Friday, July 19, 2013

Wagner's Anti-Semitism: The Wrap-up

Before I leave the subject matter of Wagner's anti-Semitism with a sort-of conclusion, I want to give two Jewish fans of Wagner the floor. First up is a brilliant bit from Larry David. It is a clip from the episode “Trick or Treat,” combining an initial confrontation with a fellow Jew over Wagner’s music with the denouement, his revenge against the man.


The second is Stephen Fry’s one-hour documentary “Wagner and Me,” in which his life-long passion for Wagner’s music is juxtaposed with the fact that he is Jewish. Is there a contradiction there? That’s the topic. Fry is a sweetheart and his joy stemming from his love of Wagner’s music is palpable.

Okay, now for my summation. I am so delighted that from today forward I will no longer have to expend much energy on the topic of Wagner’s anti-Semitism. From now on, if someone asks, “But wasn’t he a Nazi?” I will say, “No, of course not. He was long dead when the Nazis came to power and he didn’t share their political ideology in any case. But his family was certainly intertwined with Hitler, and that has really screwed up his reputation. Go to this link where I give the full background.” 
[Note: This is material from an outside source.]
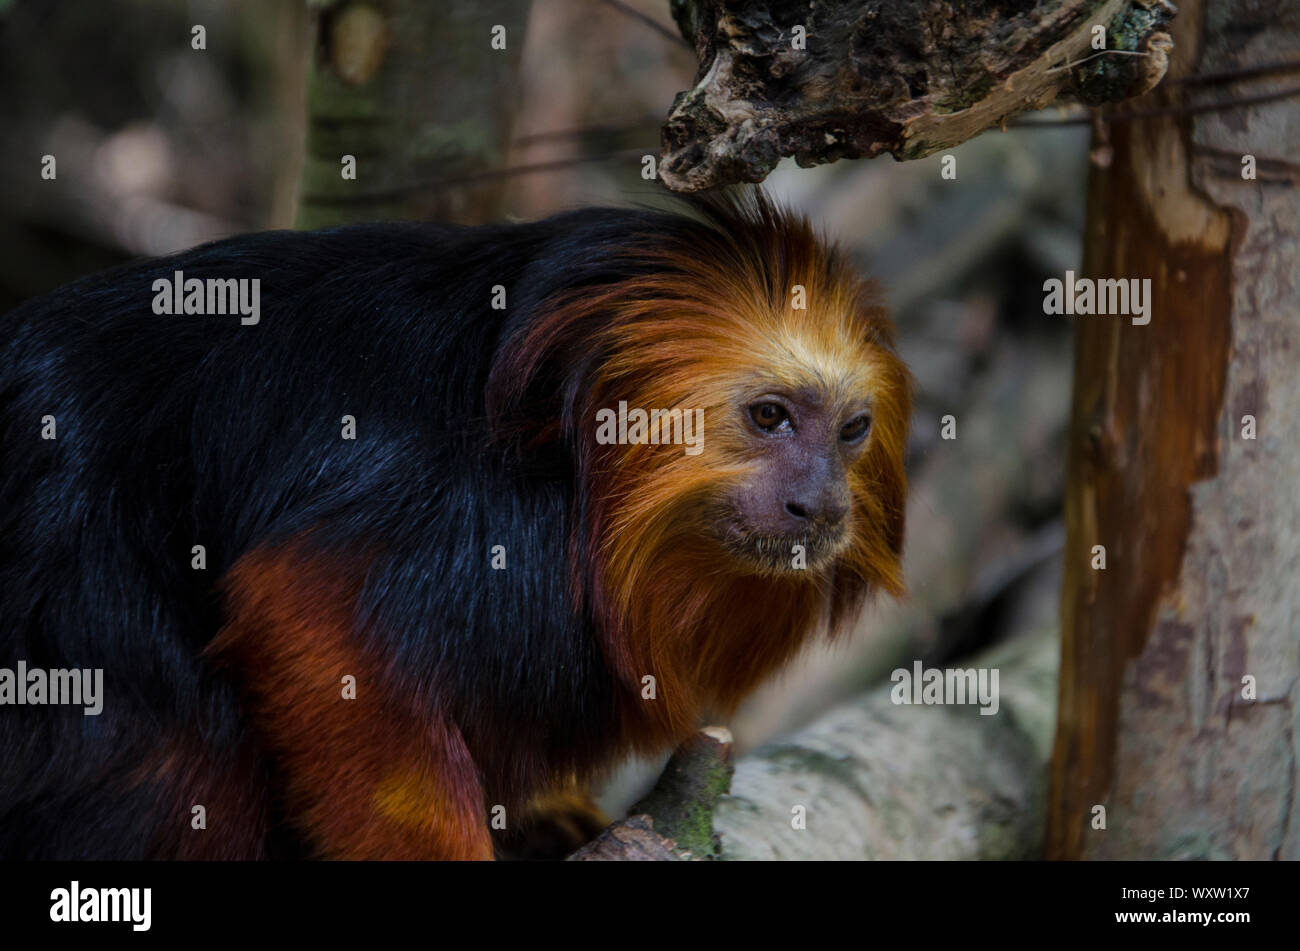 Golden Lion Tamarin tête close up dans son habitat. Singe avec les cheveux rouges et noirs de la fourrure. Banque D'Images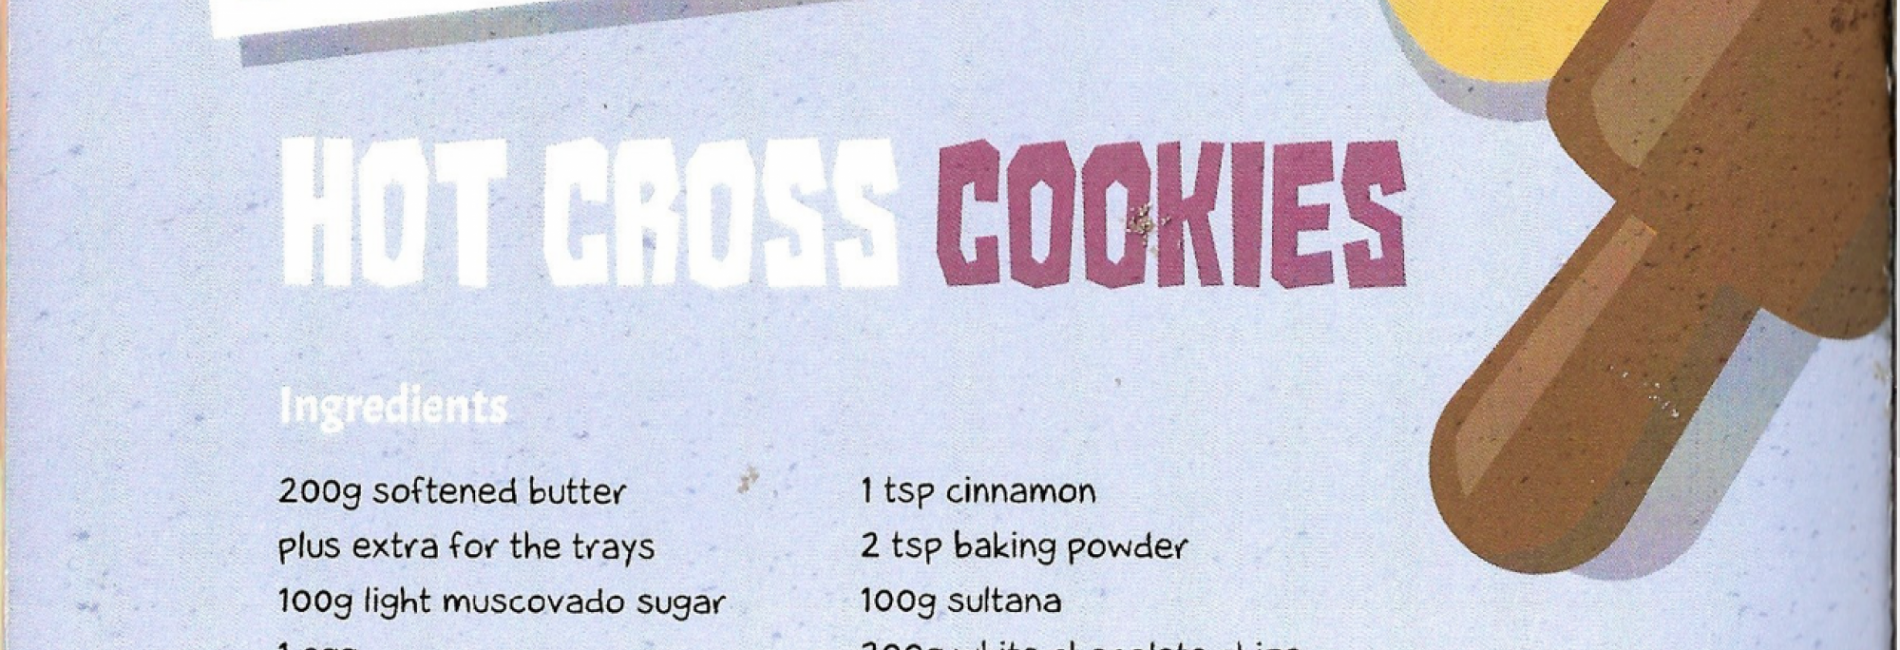 Wendy's Hot Cross Cookies!

Or if someone rails on about what a horrible person he was because of his anti-Semitism, I will say, “But historical perspective is absolutely necessary. First, you need to put his views in the context of the hundreds of years of vicious anti-Semitism for which Christians are responsible. Second, you need to put it in the perspective of 19th century Western Civilization. Come on, we still had slavery in America at the time, and we were actively expelling Indians from their land. Let’s not even talk about how gays were treated! Wagner was a saint compared to the folks who were doing those things. Go to this link for more thoughts on this matter.” 

If someone says, “but I read he wanted to burn Jews,” I will sigh and say, “He made a nasty joke to his wife in private and she wrote it down; I know if Leslie wrote down every black humor joke I made, my reputation would be no better than Wagner’s. This post gives you the full story.”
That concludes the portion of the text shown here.